Data provided:
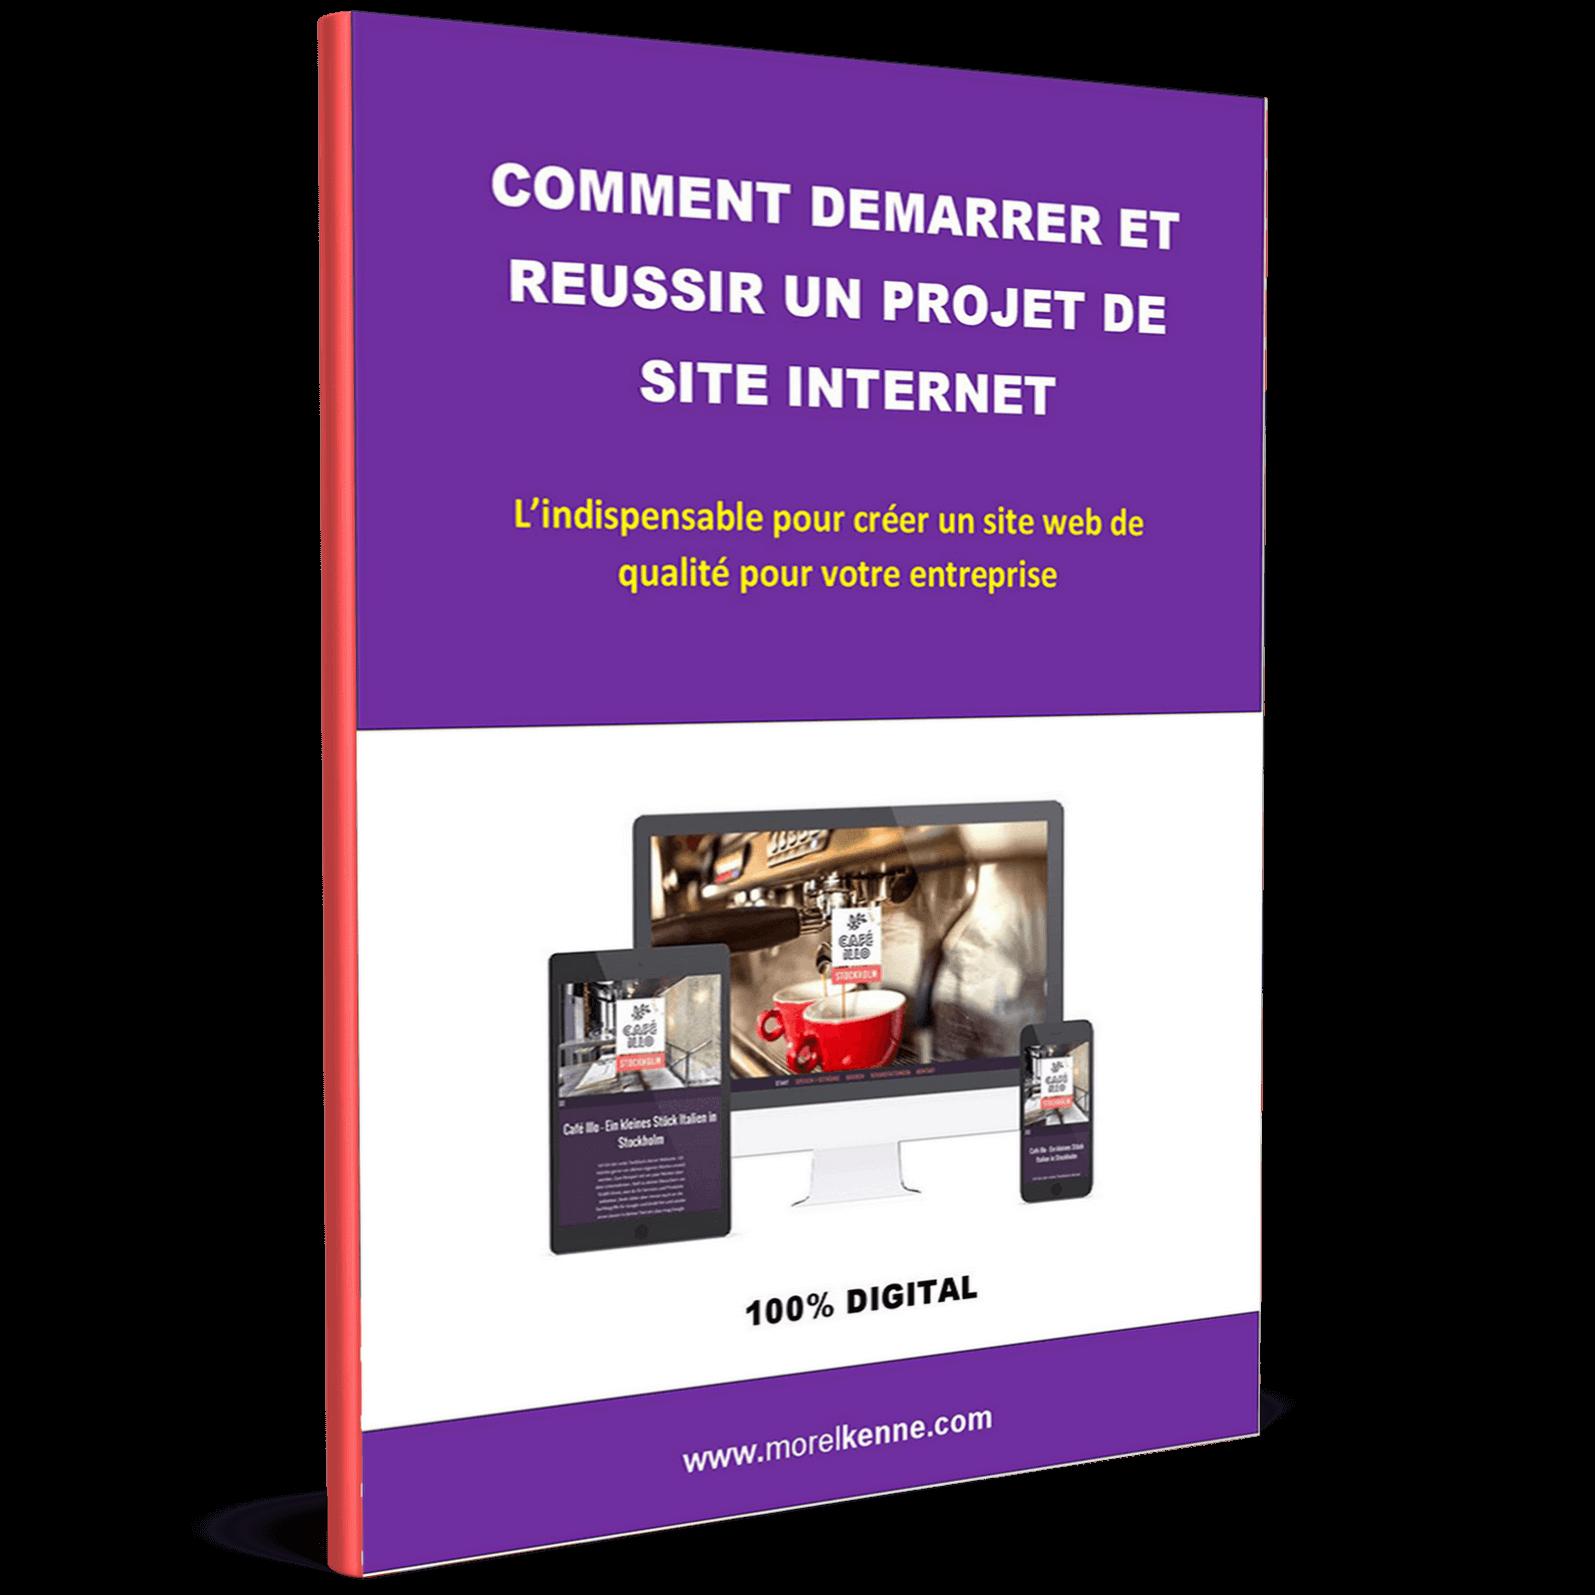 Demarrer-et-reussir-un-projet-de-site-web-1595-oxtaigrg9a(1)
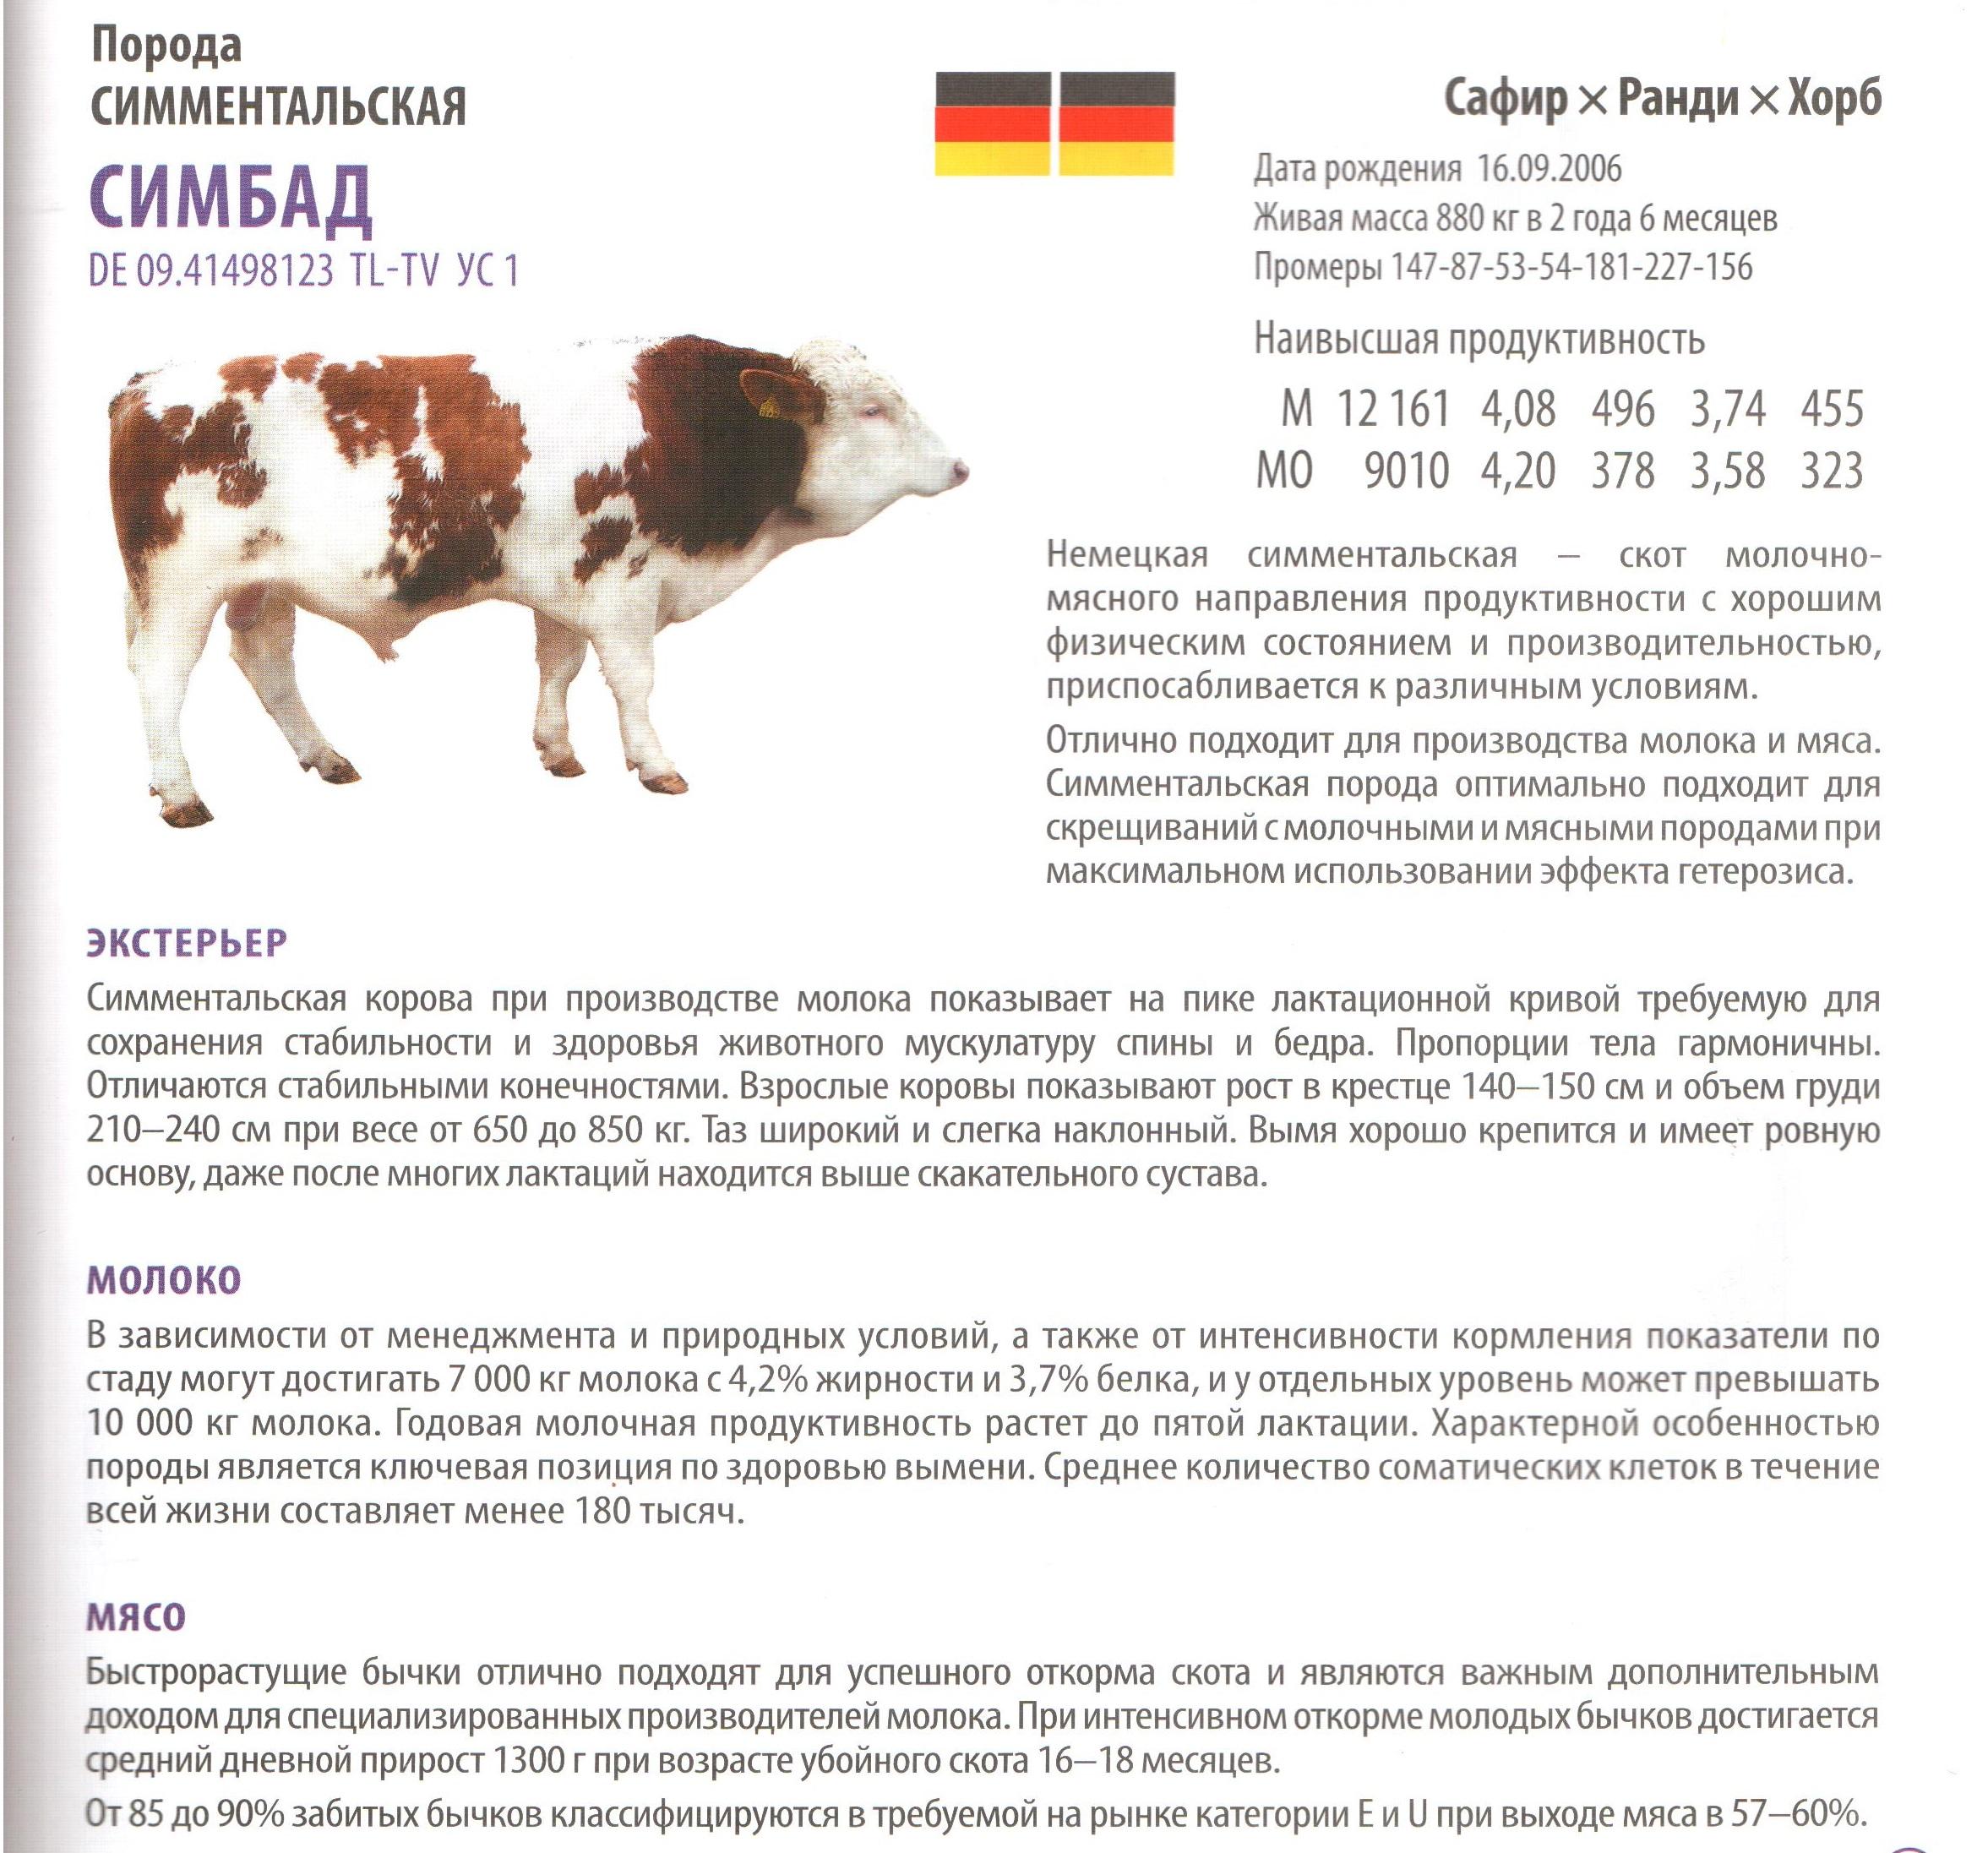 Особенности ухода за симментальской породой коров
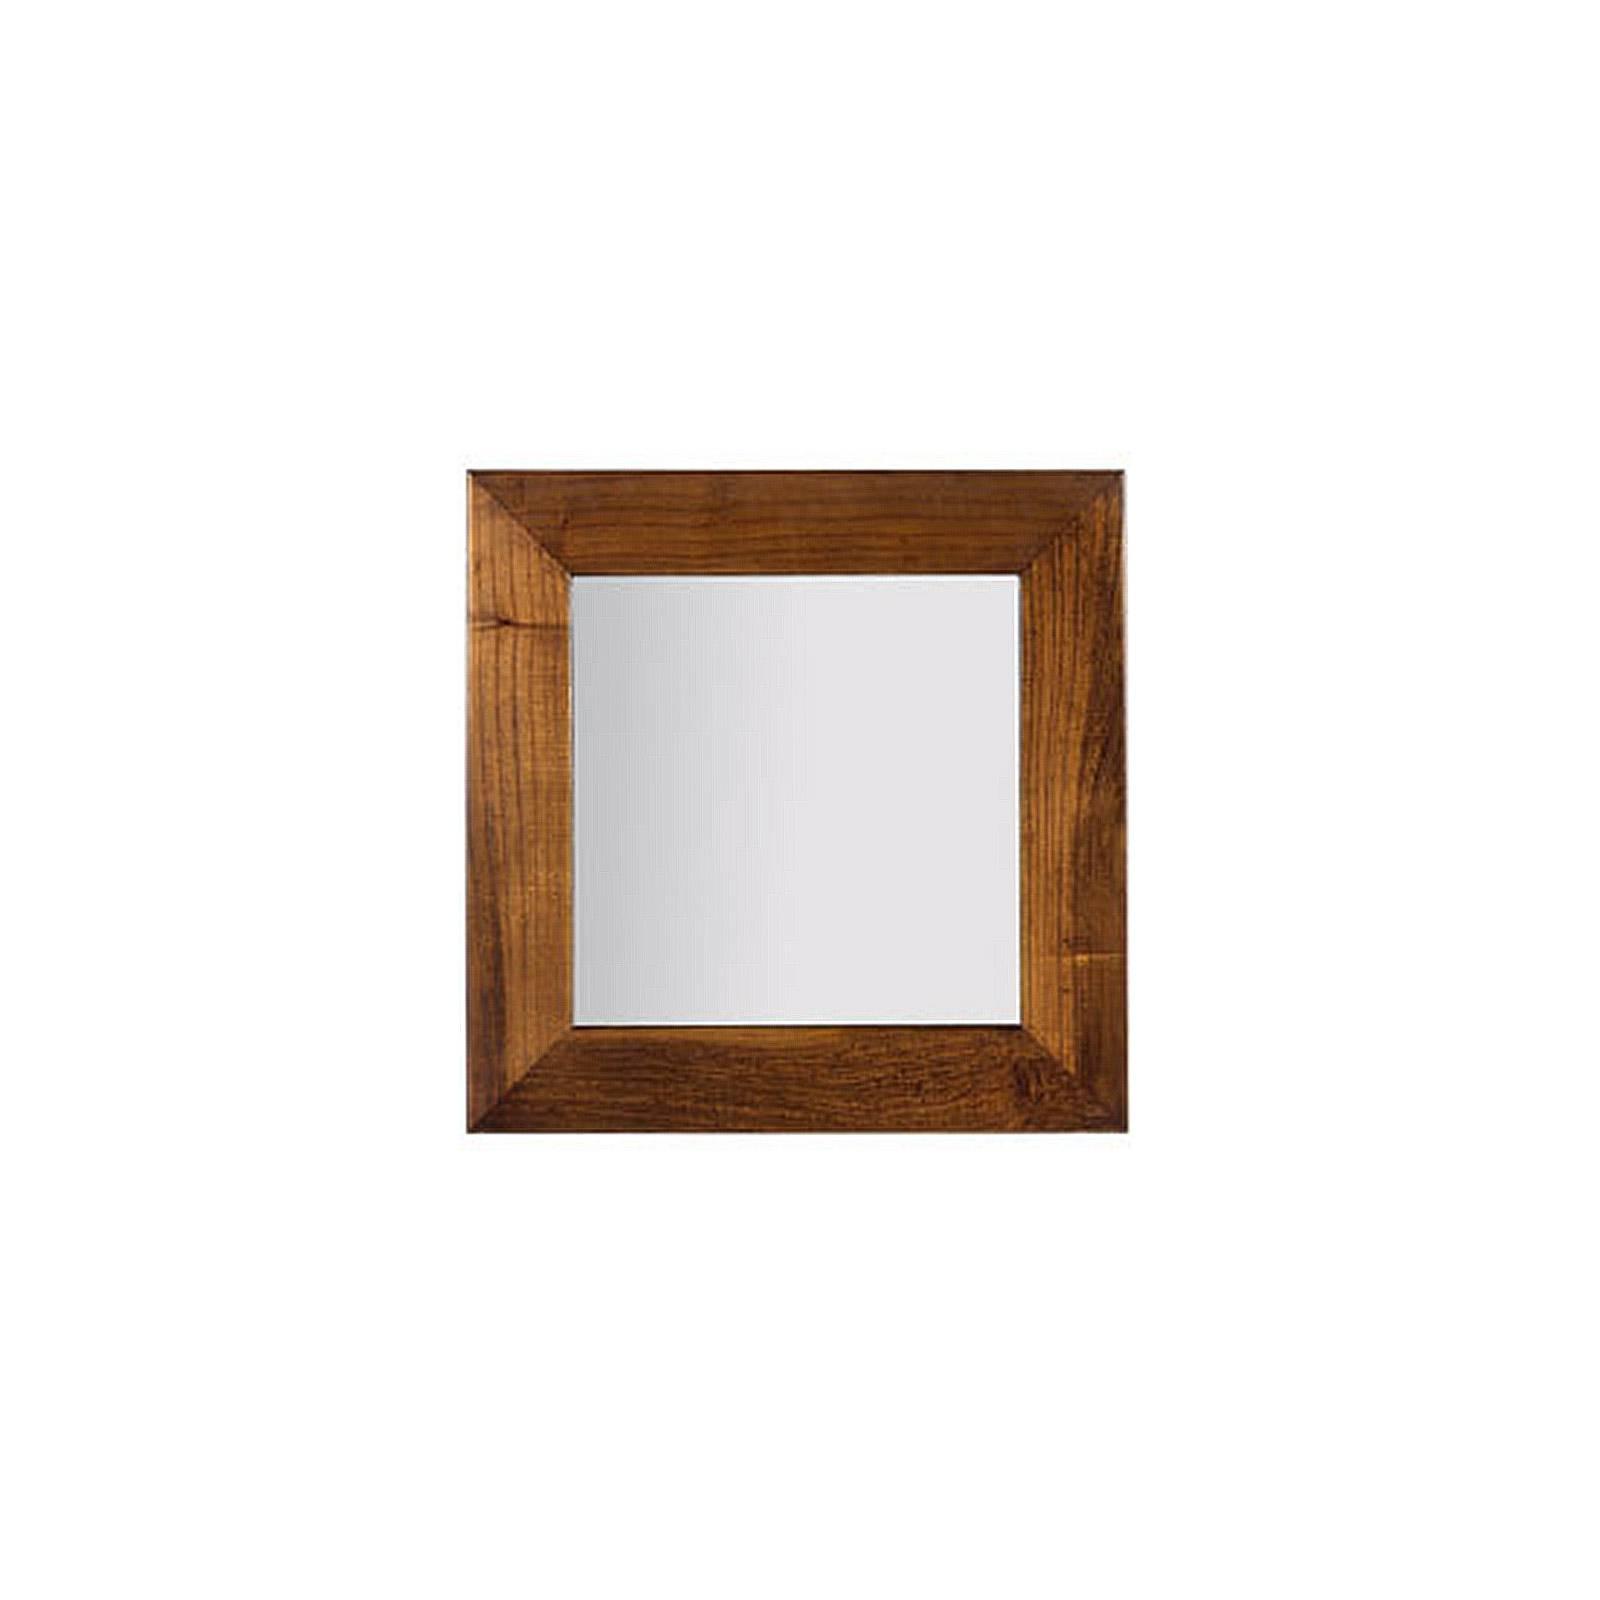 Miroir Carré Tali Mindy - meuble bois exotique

What you are asked to do: Please retype all of the material exactly, skipping whatever images it holds.

Response:
 Demarrer-et-reussir-un-projet-de-site-web-1595-oxtaigrg9a(1)
 Особенности ухода за симментальской породой коров
 Miroir Carré Tali Mindy - meuble bois exotique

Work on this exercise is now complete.